Sans le soutien des institutions, et sans plan de redressement digne de ce nom, on se demande comment le FFM pourra tenir le coup, même à court terme.

À qui la faute? Serge Losique n'a certainement pas aidé sa cause, entêté comme il est. S'il est indéniable qu'il a beaucoup fait pour le cinéma au Québec, il lui a surtout nui ces dernières décennies. Il causé des dommages irréparables à la scène des festivals de cinéma montréalais, qui comptait autrefois sur l'échiquier mondial avant de se faire damer le pion par Toronto.

M. Losique ne doit évidemment pas recevoir tout le blâme de ce gâchis. Les décideurs et les politiques l'ont trop longtemps laissé courir à sa perte, ne redressant pas la barre, et échouant à un exercice de mutinerie bâclé il y a une dizaine d'années. Le milieu s'était depuis résigné à laisser le bateau couler de lui-même, en attendant d'essayer de rafistoler l'embarcation à la dérive une fois le capitaine disparu. Même sa directrice générale Danièle Cauchard souhaite abandonner le navire avant le naufrage final (désolé pour la métaphore navale).

Heureusement, des gens courageux et lucides, telles Monique Simard et Carolle Brabant, ont décidé qu'assez, c'était assez. On ne peut gérer un événement qui reçoit des centaines de milliers de dollars en deniers publics de manière dictatoriale, en refusant de rendre des comptes.

C'est malheureux pour M. Losique, mais il est grand temps de passer à autre chose.
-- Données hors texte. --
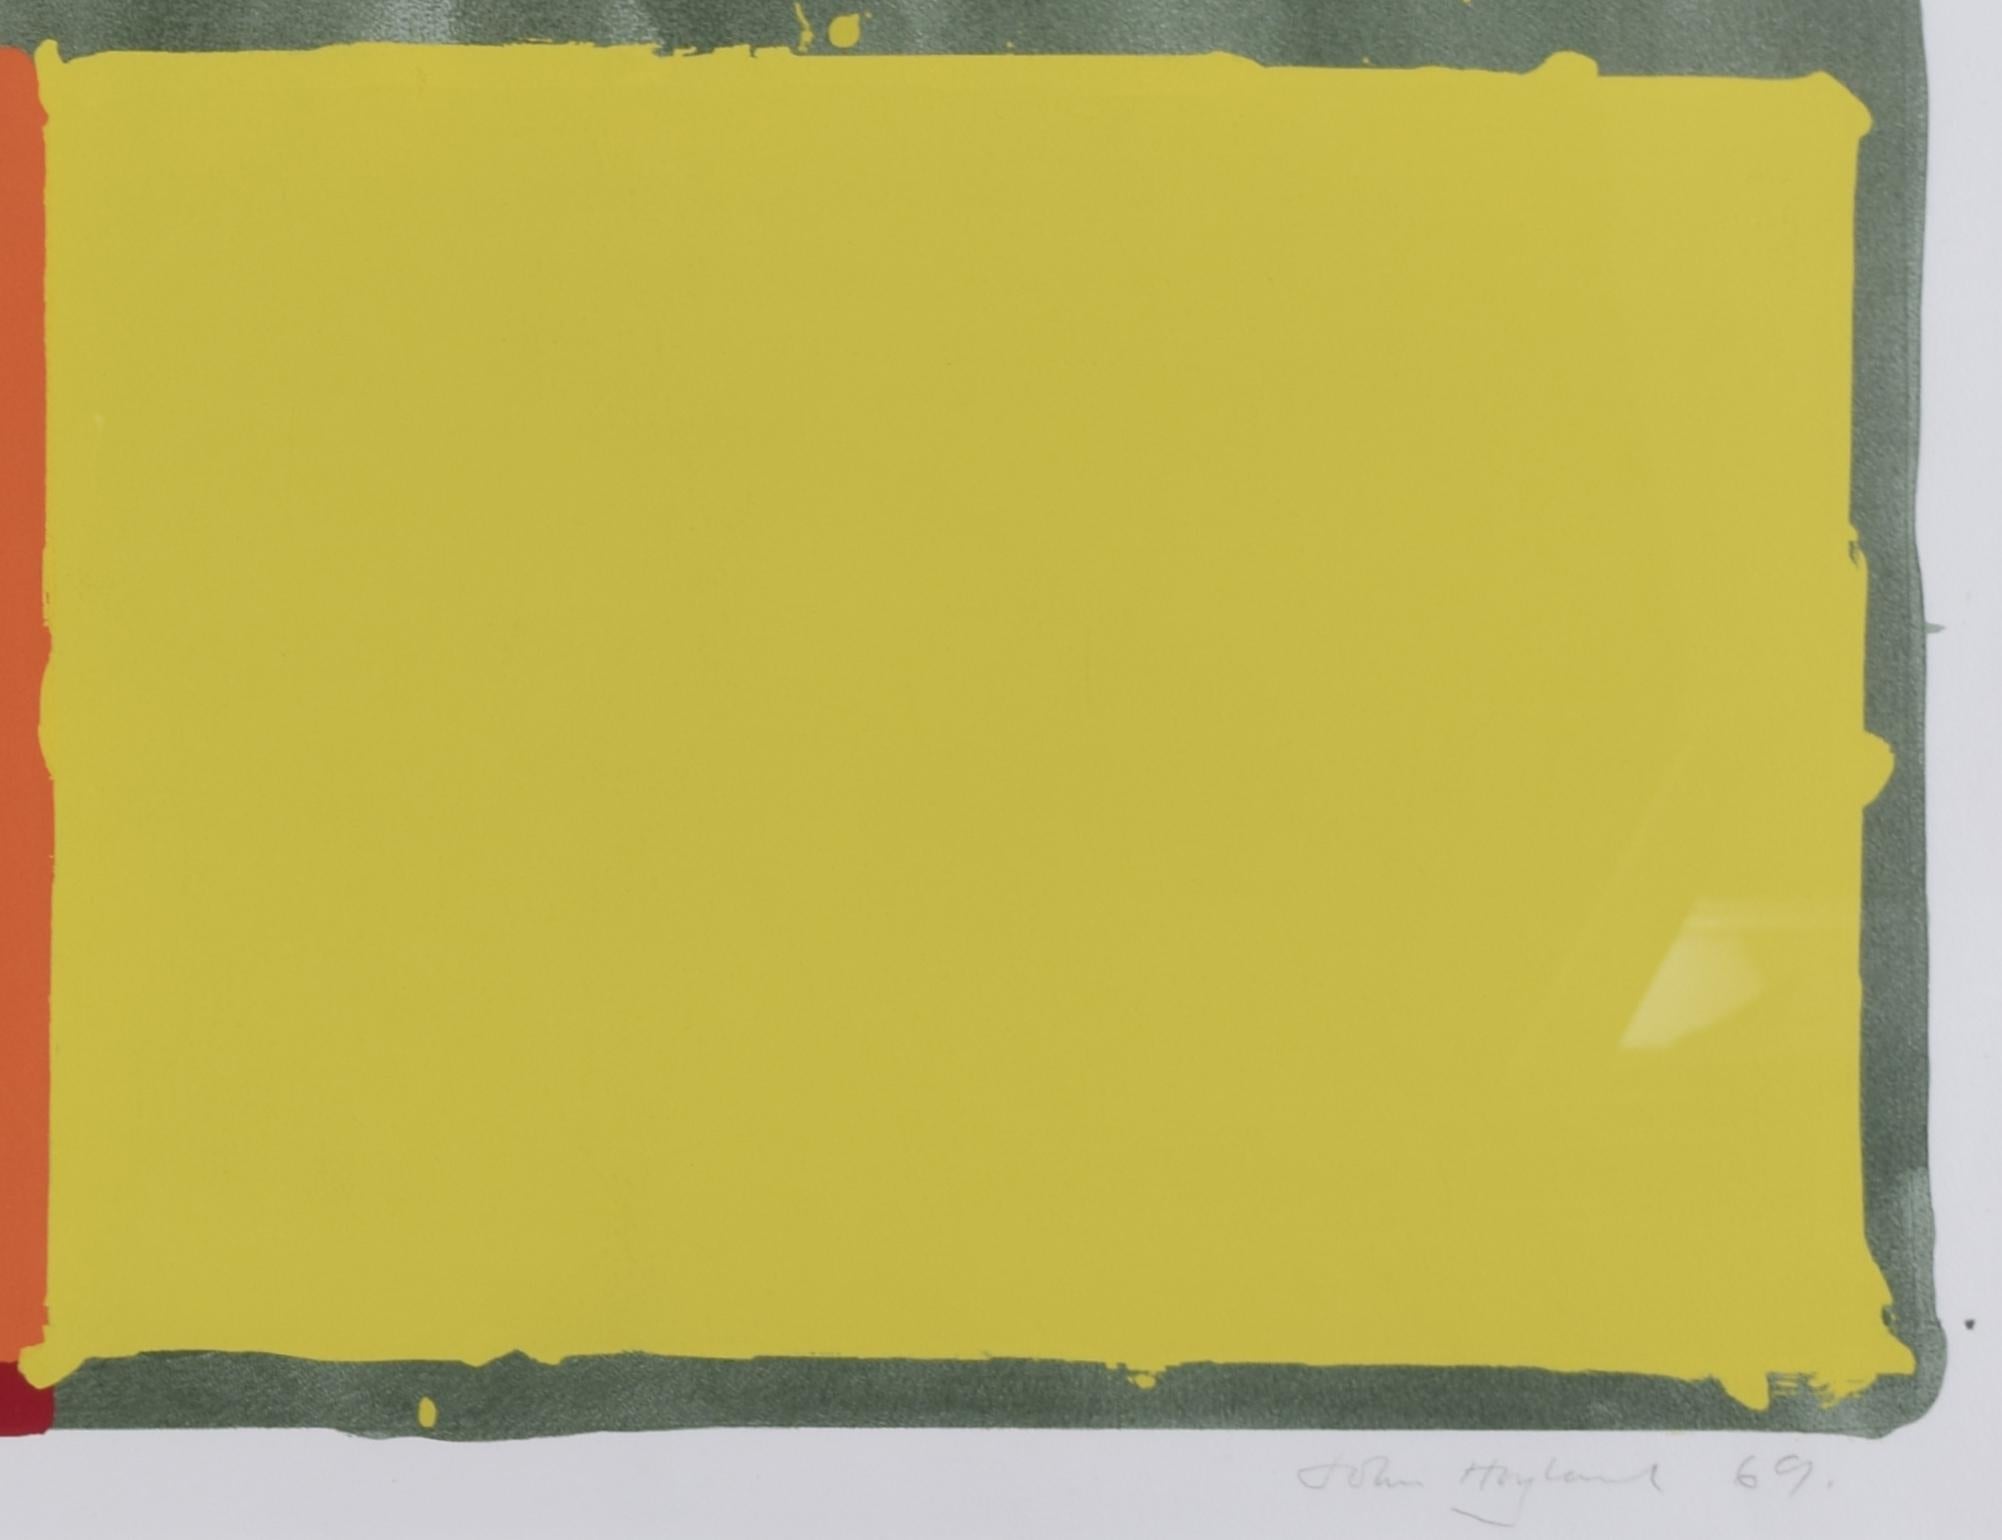 Yellows abstract screenprint by John Hoyland 1960s Modern British Art For Sale 2

Et de tenter de reconstruire la crédibilité et la solidité de nos festivals, en espérant qu'il ne soit pas trop tard. Le vieux renard arrivera-t-il tout de même à tenir son festival à la fin août? Il l'a toujours fait, contre vents et marées. Ce sera difficile. Mais s'il y en a un qui peut survivre à un tel camouflet, c'est bien lui.